A Paraguassu é a Faria Lima de Capão da Canoa, a vida econômica da cidade passa por ela e, naqueles anos 80, além da Prefeitura, lá tinha a Manlec, onde comprávamos a TV de tubo quando a velha queimava, ou a bicicleta nova; o Real, supermercado mais completo da praia; Sociedade dos Amigos de Capão da Canoa (SACC), com suas piscinas transparentes e seus bailes inesquecíveis; o posto de gasolina, que também era estacionamento; e a Central Telefônica da CRT (a estatal Companhia Riograndense de Telecomunicações).
A Central Telefônica era um refúgio de dignidade em meio à barbárie humilhante dos Orelhões. Porque nos anos 80 raro eram poucas as pessoas que tinham telefone fixo, enquanto celular era ficção de Perdidos no Espaço, então toda a comunicação era através dos Orelhões e suas tripas de fichas telefônicas da CRT. Poderosos eram aqueles que sabiam onde ficavam os Orelhões vazios, já que os comuns perdiam às vezes horas na fila para aguardar sua vez.

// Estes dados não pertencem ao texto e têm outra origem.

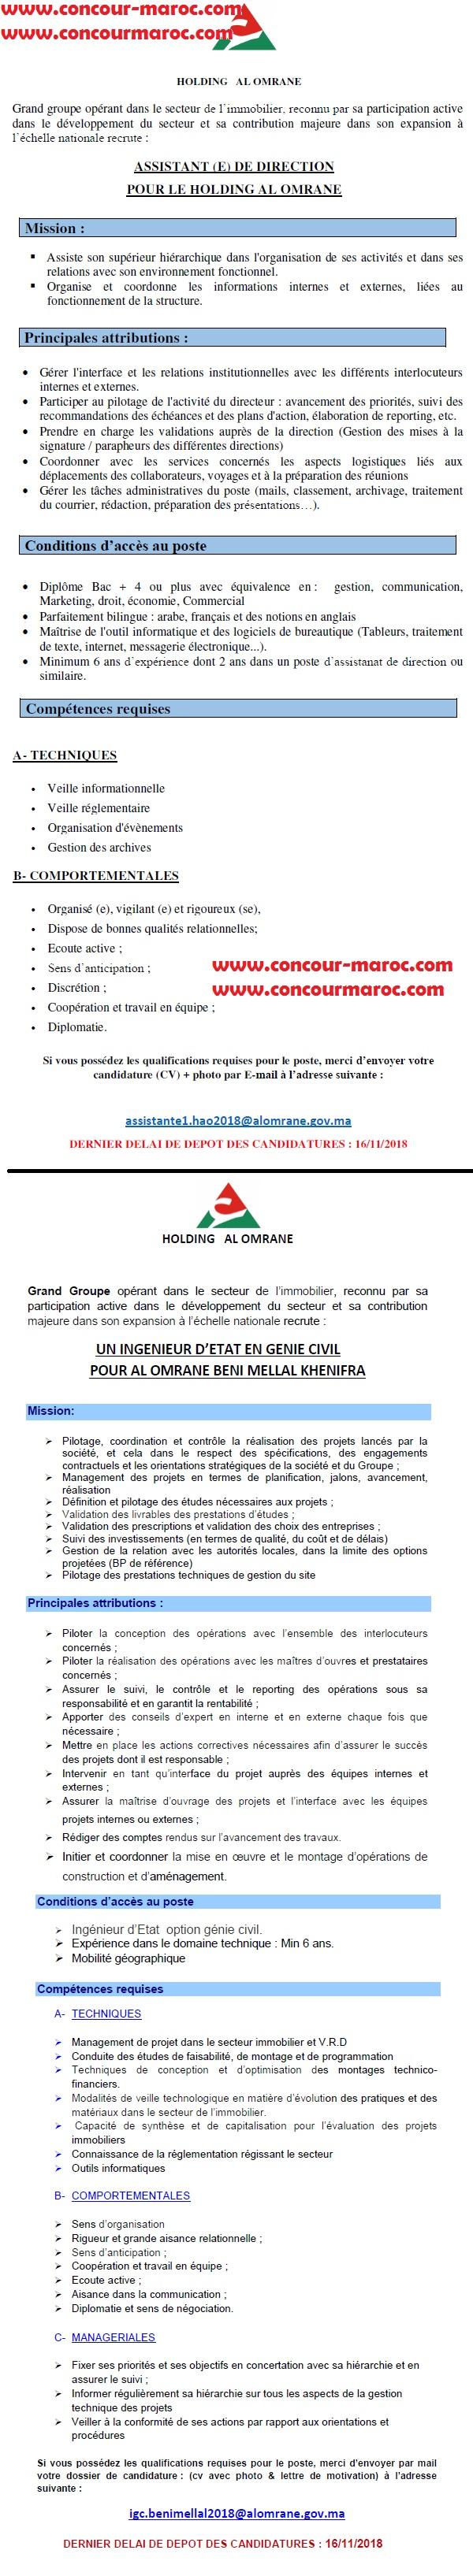 مجموعة التهيئة العمران : مباراة لتوظيف مساعدة إدارية و مهندس دولة آخر أجل 16 نونبر 2018 Alomra10

Mas o problema menor era a fila, o maior era discutir assuntos particulares numa plateia de 20 pessoas. “- Oi amorzinho, por que você não veio pra praia, estou aqui e nada de você chegar”, se debulhava o apaixonado, enquanto alguém na fila fazia a chifrinho de corno com a mão pro riso abafado dos estranhos. Alguns namorados sabendo das consequências, se entocavam dentro da concha do orelhão e falavam baixo com a mão abraçando microfone. Esse era o pior dos erros! O silêncio na fila era total, as pessoas prendiam a respiração para ouvir a conversa, até a cidade se calava esperando o deslize do incauto, até que chegava aquele momento em que a ligação ficava baixa, a interlocutora não escutava e o enamorado falava alto: “-EU DIGO O TEMPO TODO QUE TE AMO, JUJUBINHA, E SÓ RECEBO PATADA, DEIXA MINHA MÃE FORA DISSO”. Nisso a fila explodia em gargalhadas, gargalhadas com algum sofrimento, já que a fila andava e a vez do gracioso ia chegar… Se bem estudado, acho que minha geração aprendeu a ser sóbria e lidar com assuntos delicados de forma fria na fila do orelhão.

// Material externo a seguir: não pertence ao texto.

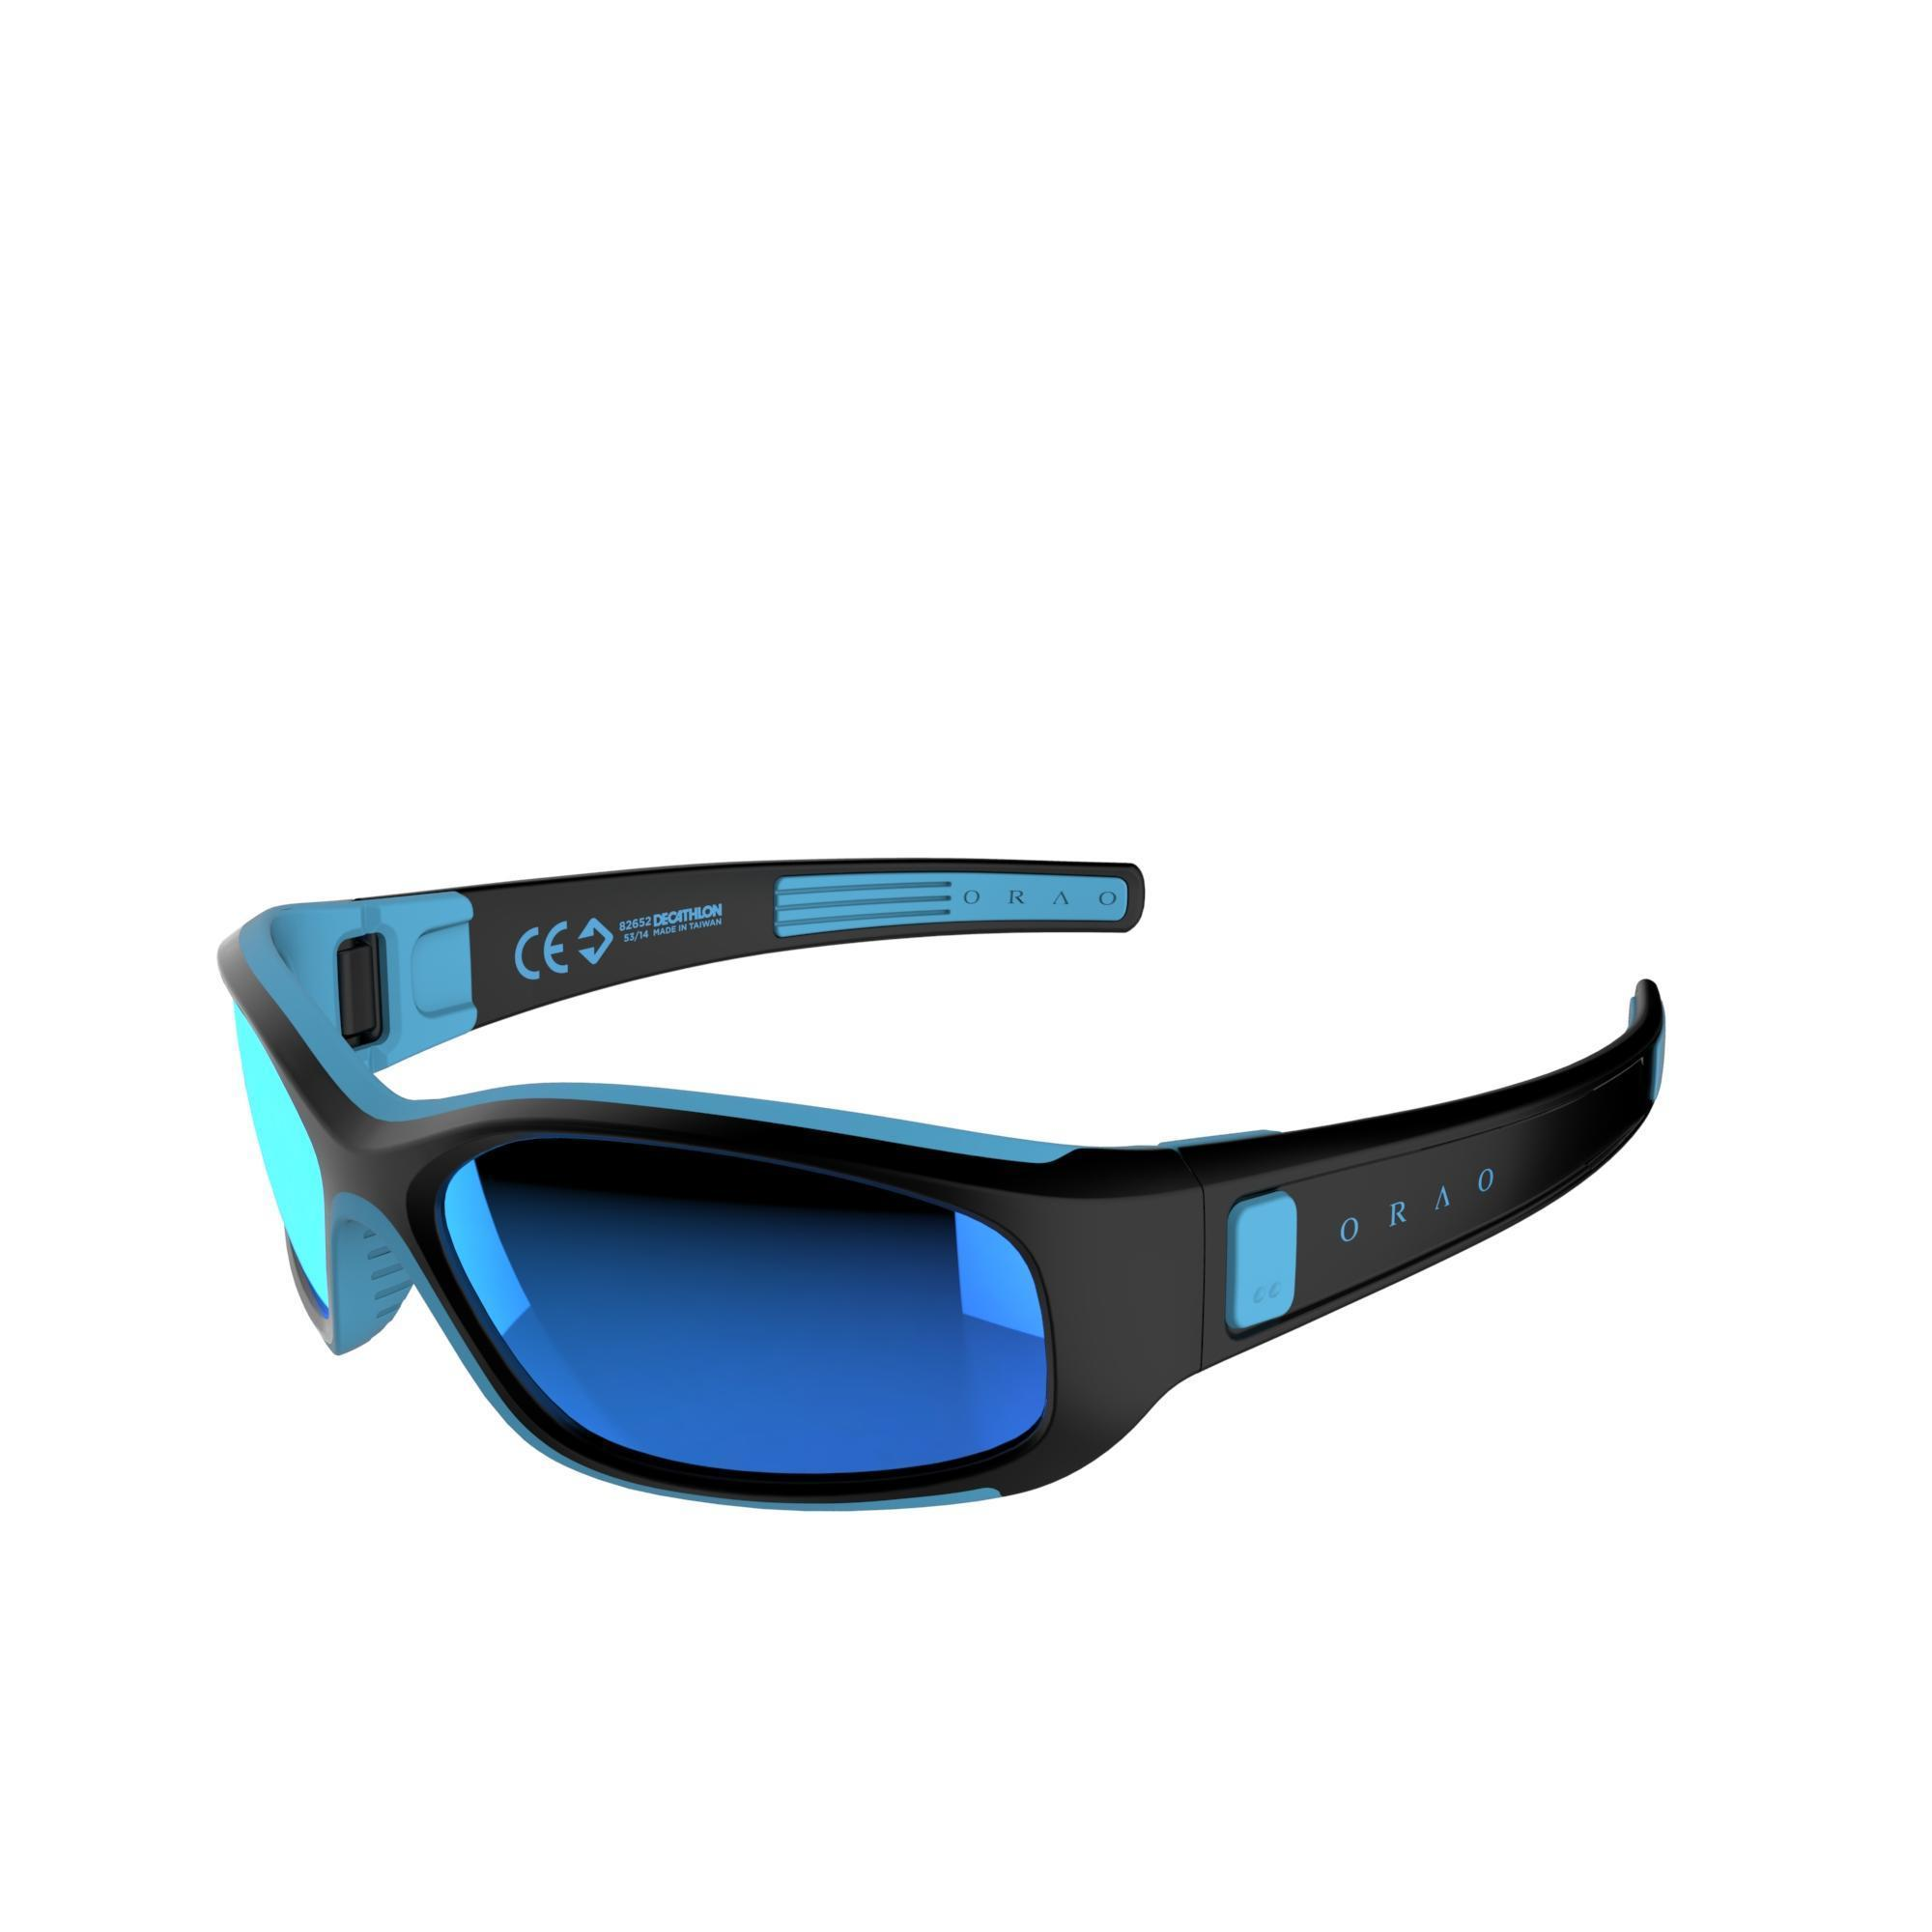 lunettes de soleil pour enfant de 5 8 ans boomer orao. Black Bedroom Furniture Sets. Home Design Ideas

A Central Telefônica, então, era uma espécie de Oásis no deserto de humilhações dos Orelhões de rua, com suas cabines de vidro e uma espera que contava com ventilador e televisão. Ruim mesmo era o preço. Mas, para os usuários de Orelhões, sempre resta a esperança bíblica de que os humilhados serão exaltados.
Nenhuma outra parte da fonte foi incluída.